Wellll...  In comparisons between O3R and HO track the ol' 'radius' and 'diameter' sometimes gets lost.

O-72 (diameter) in O3R parlance is actually 18" radius in HO.  (O-72 O diameter=36" HO diameter=18" HO radius)

Ergo, a 40" HO radius standard would end up being O-160...40" HO radius=80" HO diameter= O-160 O diameter.  That's a 14' square table just for a circle of track.  Club layouts, indeed!  I know it's more than my basement would accommodate!  It'd be AWESOME, though, ...indeed!!

Yeah, that ol' O-72 ain't as wide a "wide" radius as is advertised in many O3R publications/catalogs...all things considered.  It's interesting that many HO manufacturers list "24" minimum radius required" on their equipment package...like full-size passenger cars.  That would be O-96 in O3R.  Not many O3R mfrs require that for their full 21" passenger cars....even though they'd look much better running on a minimum curve of that dimension.

Then, there's N scale...

Ah, the constraints we've bought into to play in this 3-rail world!

KD

Last edited by dkdkrd

It seems to me that Atlas made a number of decisions that contribute to the high cost of their track.  First, deciding to use Code 215 for the rails.  I understand they wanted the height to mate with with existing 027 and Gargraves but it really is not that hard to shim track to mate.
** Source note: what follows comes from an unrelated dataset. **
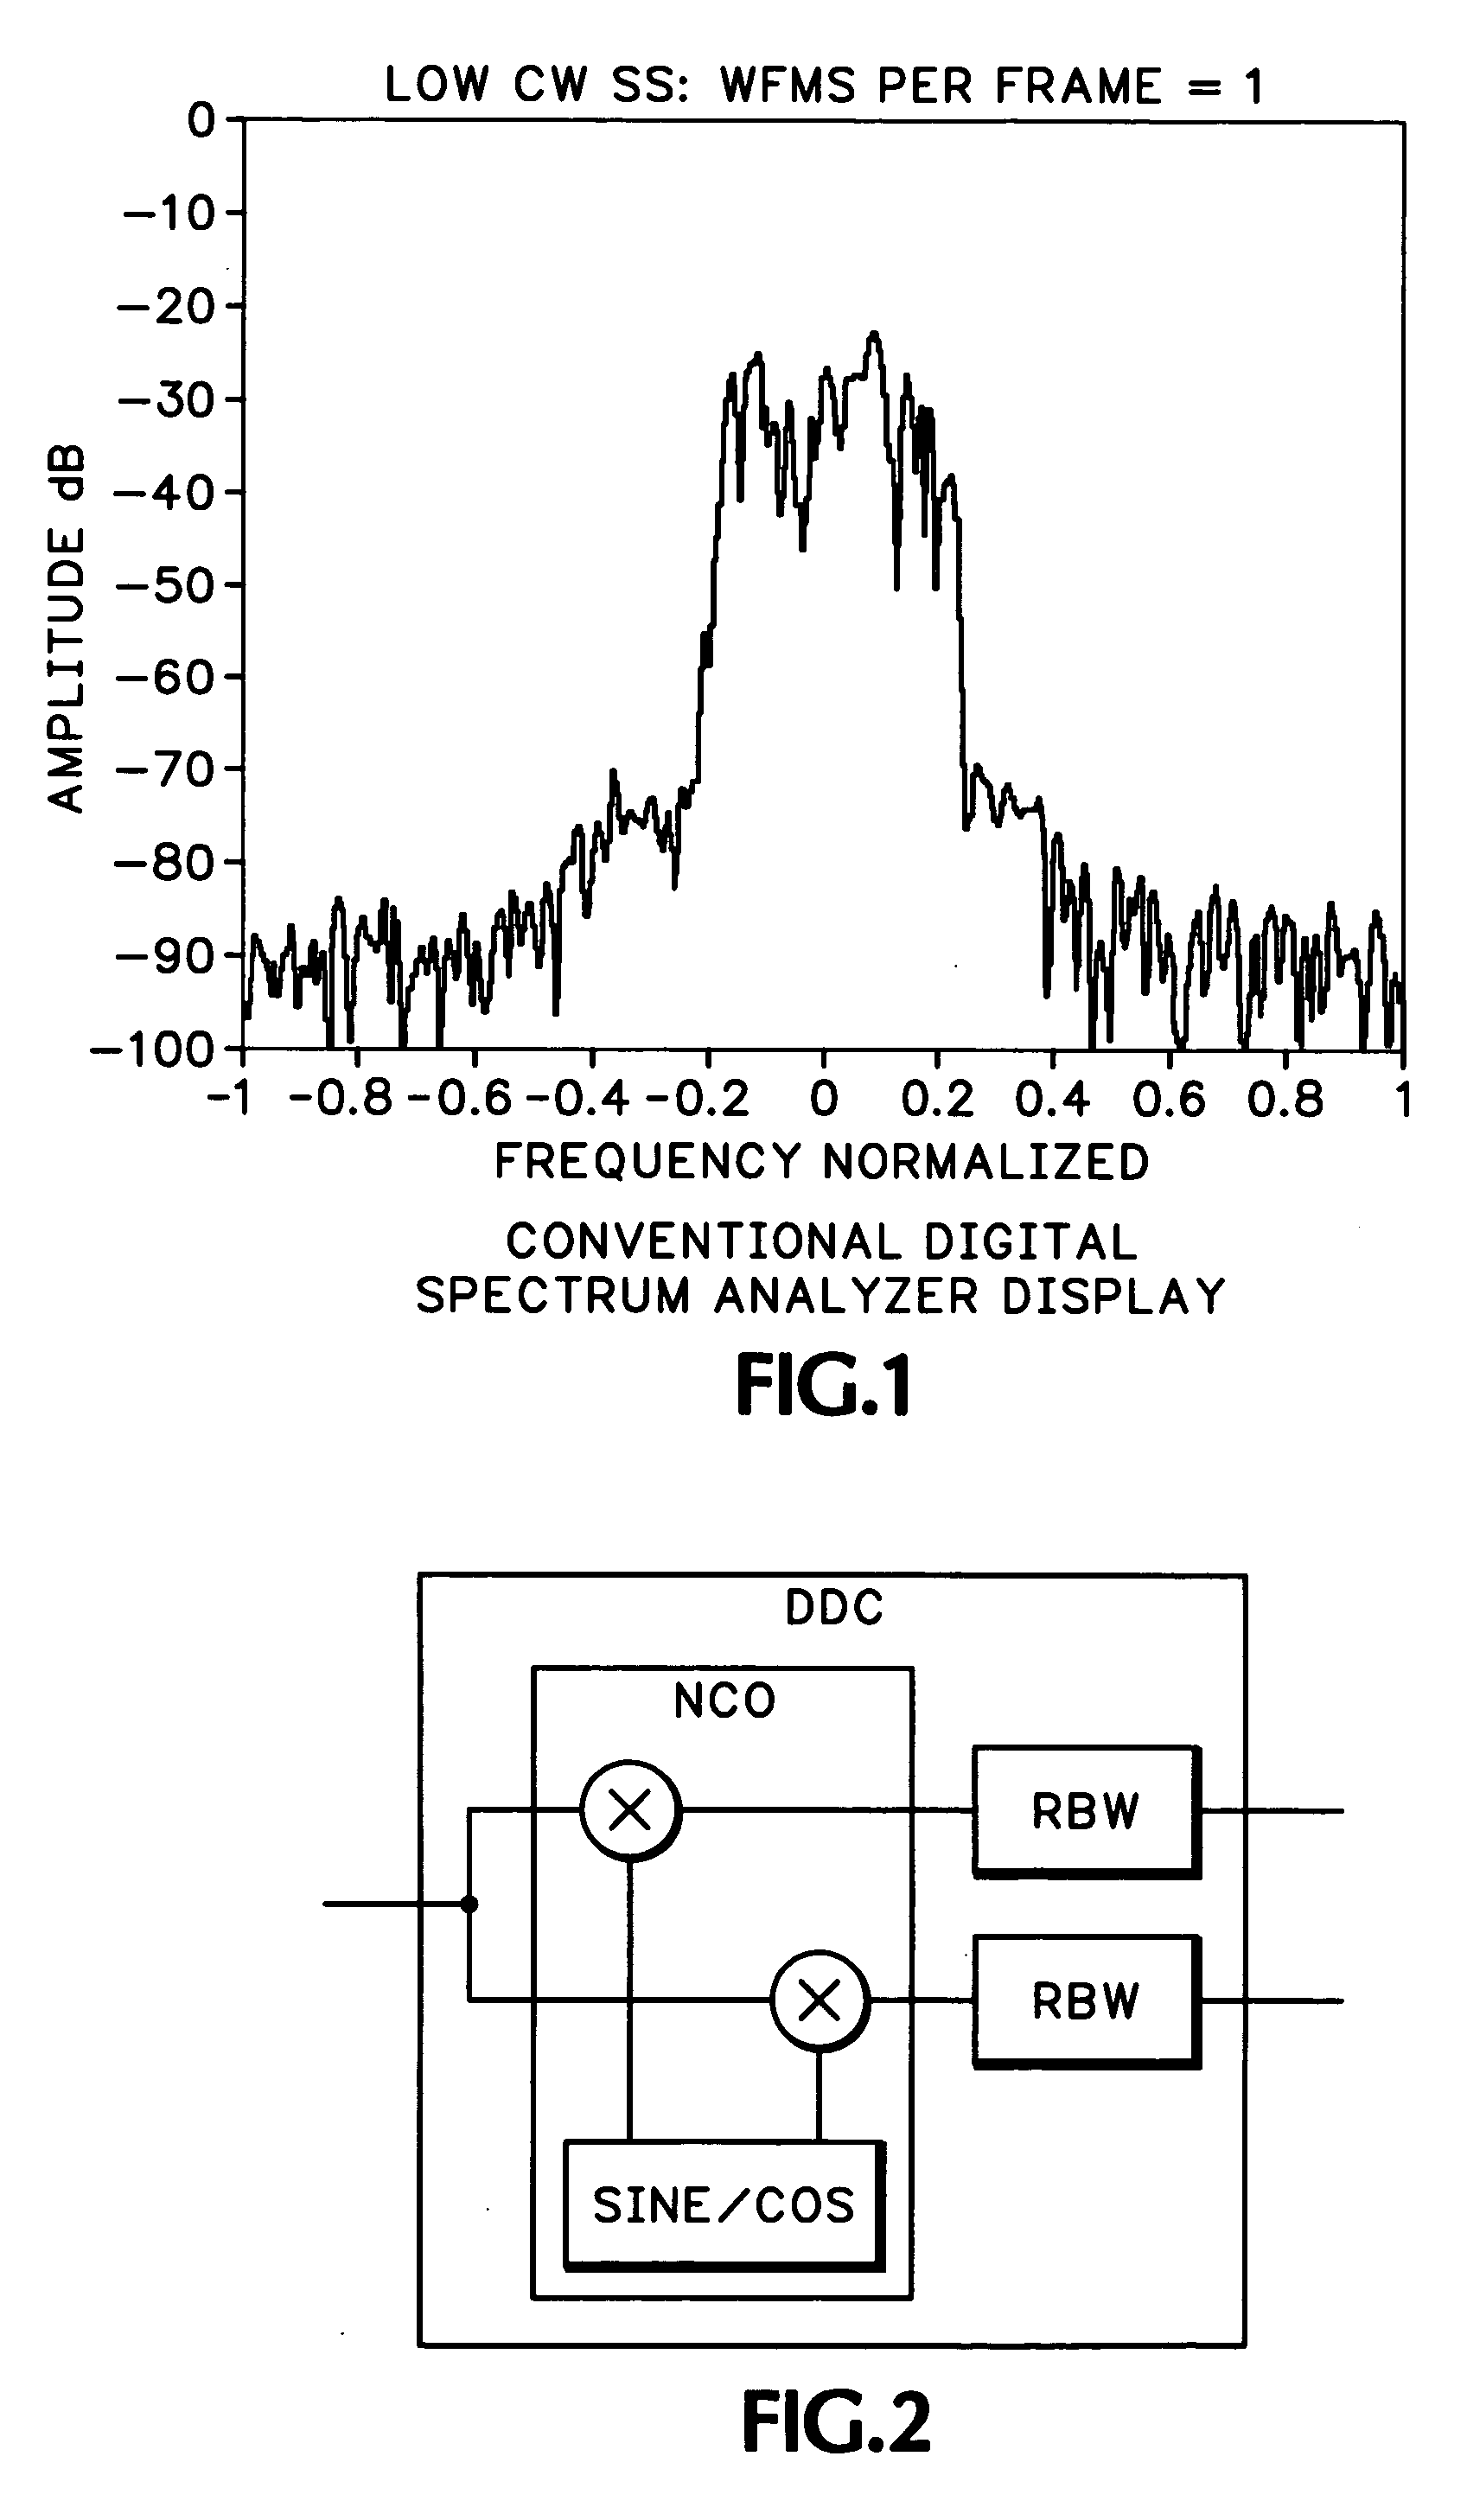 Digital phosphor spectrum analyzer

Same thing with the tie height.  Now plastic may be relatively inexpensive but nickel silver is not.  On top of that, these both contribute to larger and heavier packages for shipping which results in higher shipping costs.  Atlas made a half-hearted run at more economical track with steel rails in their solid steel line.  When I have compared other track lines (mainly HO) using both steel and nickel silver, the steel costs abut 70-80% the price of the nickel silver.  I have the solid steel track and I find it works equally well as the nickel silver. Tin-plated and stainless steel works fine for Gargraves and I suspect the tinplate wears off with use and the steel track still functions fine.  The larger scales do not seem to have the conductivity problems of HO and smaller scales.  One example: G scale uses brass rail even though it was problematic for HO.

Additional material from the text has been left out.